Please note that this part is just explanatory text trying to explain
the relationship between HTTP and URI specifications, not a normative
definition.

The definition of "resource" in the HTTP specifications is found in the
terminology section.


> >        resource
> >
> >                A network data object or service
> 
> That is not the definition of resource used in RFC3986, however.

What I said, and why I highlighted it here. The definitions are
different, and you need to use the right definition for each
specification or you'll get confused when discussing borderline issues
like this.

For most practical considerations in the use of HTTP the difference is
negligible however.

> HTTP  
> URIs can identify resources in the broader RFC3986 sense; and for  
> those URIs, there may well not be any resource in this narrow sense  
> identified by the URI at all. And yet, still, a GET on them might  
> resolve to an http endpoint. What does the http spec say about such a  
> case? What is the endpoint to do?

Yes it's correct that HTTP URIs can identify resources in the broader
sense, but not something the HTTP specifications as such concerns itself
about. HTTP specifications end at the http endpoint and it's http mapped
resource. 

> And my point was only  
> that in this case, it is at best confusing any maybe actually wrong to  
> say that IF the server has a transmittable representation available  
> then it must send it with a 200 code.

And we don't. We say "suitable to be transmitted", which is quite
different from "transmittable" as there is representations that MAY be
transmittable in theory but which is still deemed unsuitable (by the
http server endpoint or it's policy)

>  For what are we to say about the  
> second case? It all depends on what is meant by the "requested  
> resource".

The difference between a "resource" (as identified by a specific URI)
and an HTTP "requested resource" not what you think. The two differ when
there are multiple independent representations available by the exact
same URI, such as content in different language based on the language
preferences of the client etc.

> (It seems to me that HTTP rather shoots itself in the foot by this  
> insistence that its specs must not refer to or even acknowledge the  
> existence of resources that are other than network data or services,  
> since it has defined out of existence the very case that it should be  
> able to refer to, if only to explicitly say that its not going to  
> specify what happens in it.

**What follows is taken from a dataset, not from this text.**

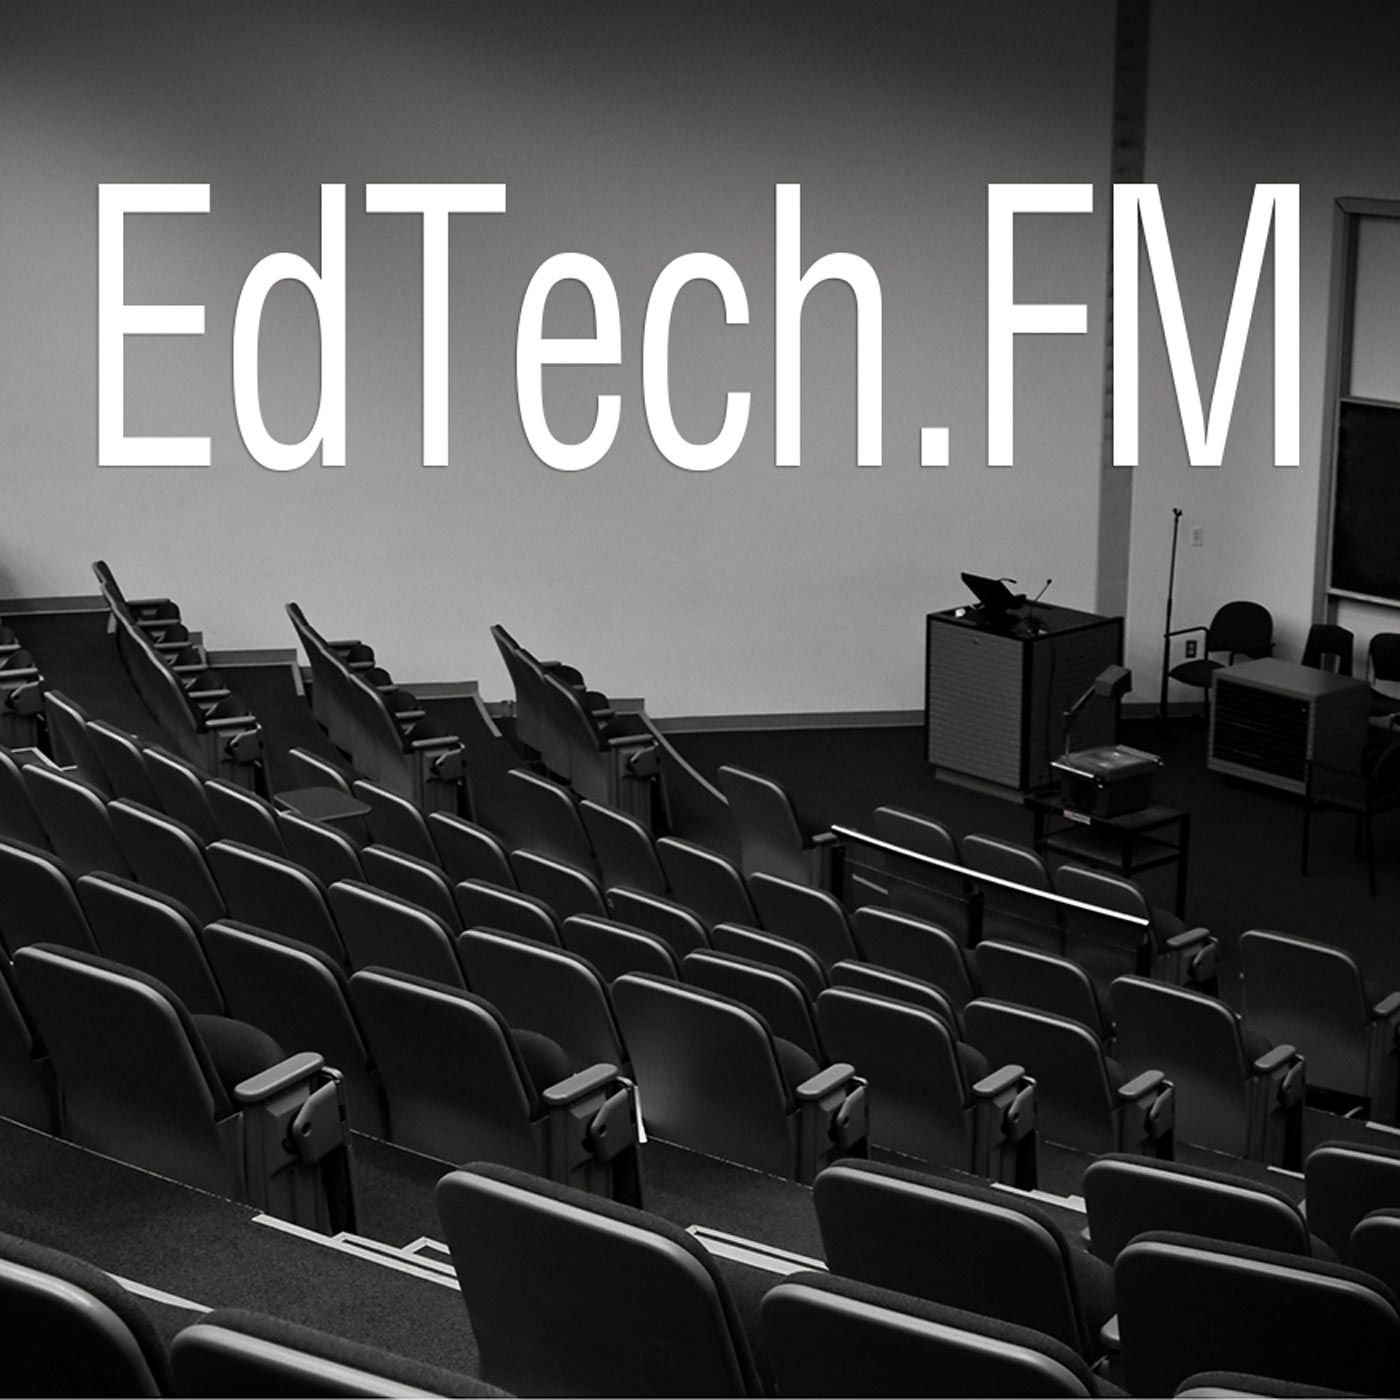 EdTech.FM
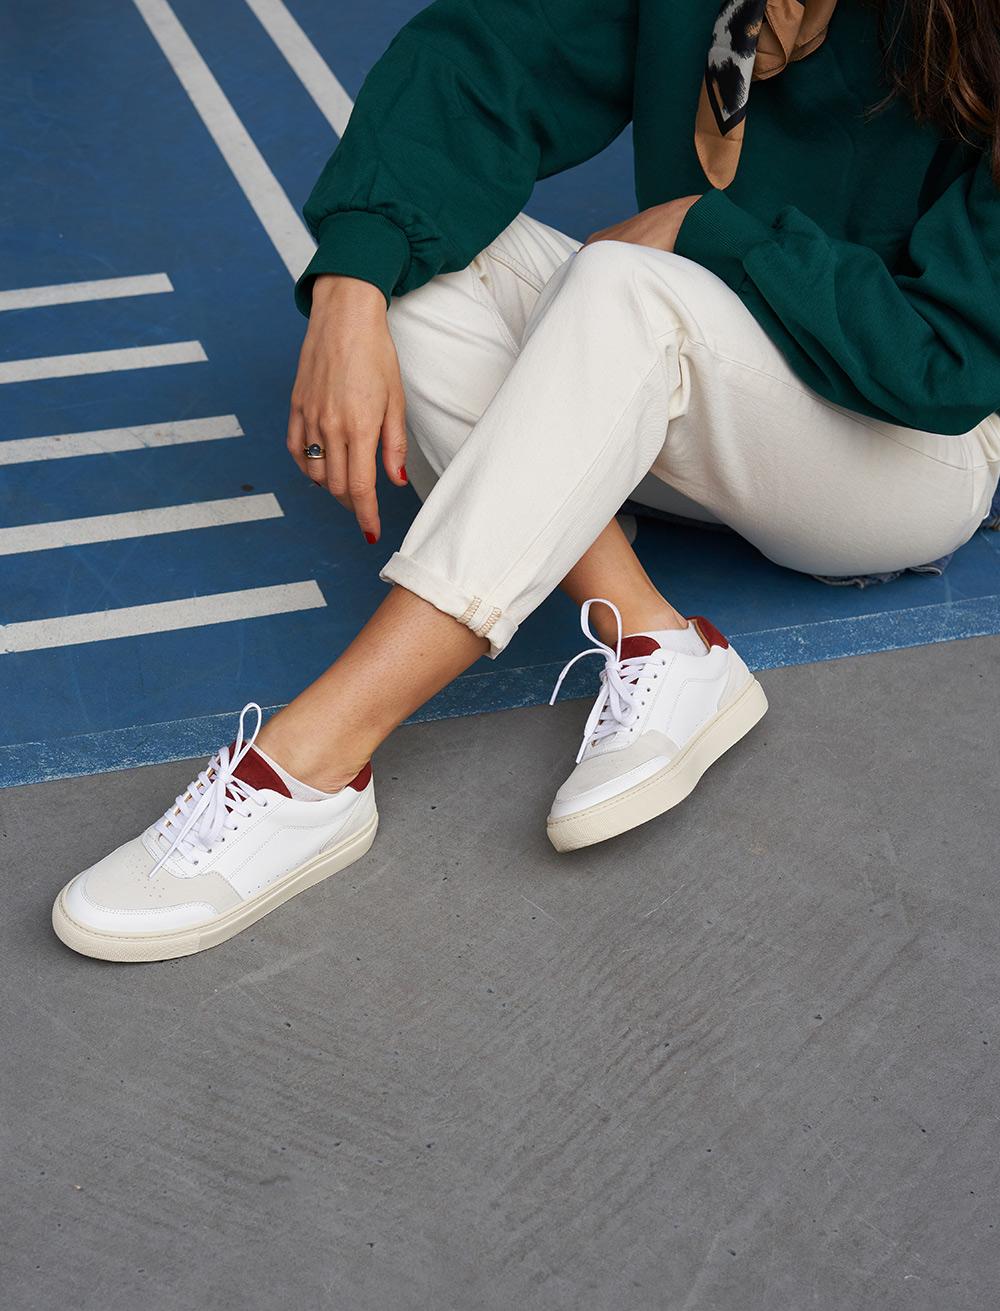 Frisco V3 - White, Rust

This is rather an ostrich way of writing  
> specs, to pretend that all of the world that you don't like doesn't  
> exist, so that you aren't obliged to say anything about it.)

I don¨t agree here. HTTP specifications places a technical limit on what
the word "resource" means within the HTTP specifications, which is
purely a technical definition.


> > My response is that
> > it's the servers role to select a suitable representation of the
> > resource based on the meaning of the URI.
> 
> Does that mean, of the resource that the URI identifies? And does  
> "identify" mean, denote?

Sorry if I am unclear some times. English is not at all my native
language, and the word "denote" is not really part of my limited English
vocabulary.

>From my understanding of "denote" it's:

Of the HTTP resource the HTTP-URI identifies.

Where identifies as in is in the sense of how an Universal Resource
Identifier identifies a network-accessible resource, ignoring completely
what that resource denotes in the broader sense.

> ??!!? Of course two different URIs can refer to the same resource. If  
> HTTP is built on a different supposition, then HTTP is simply wrong.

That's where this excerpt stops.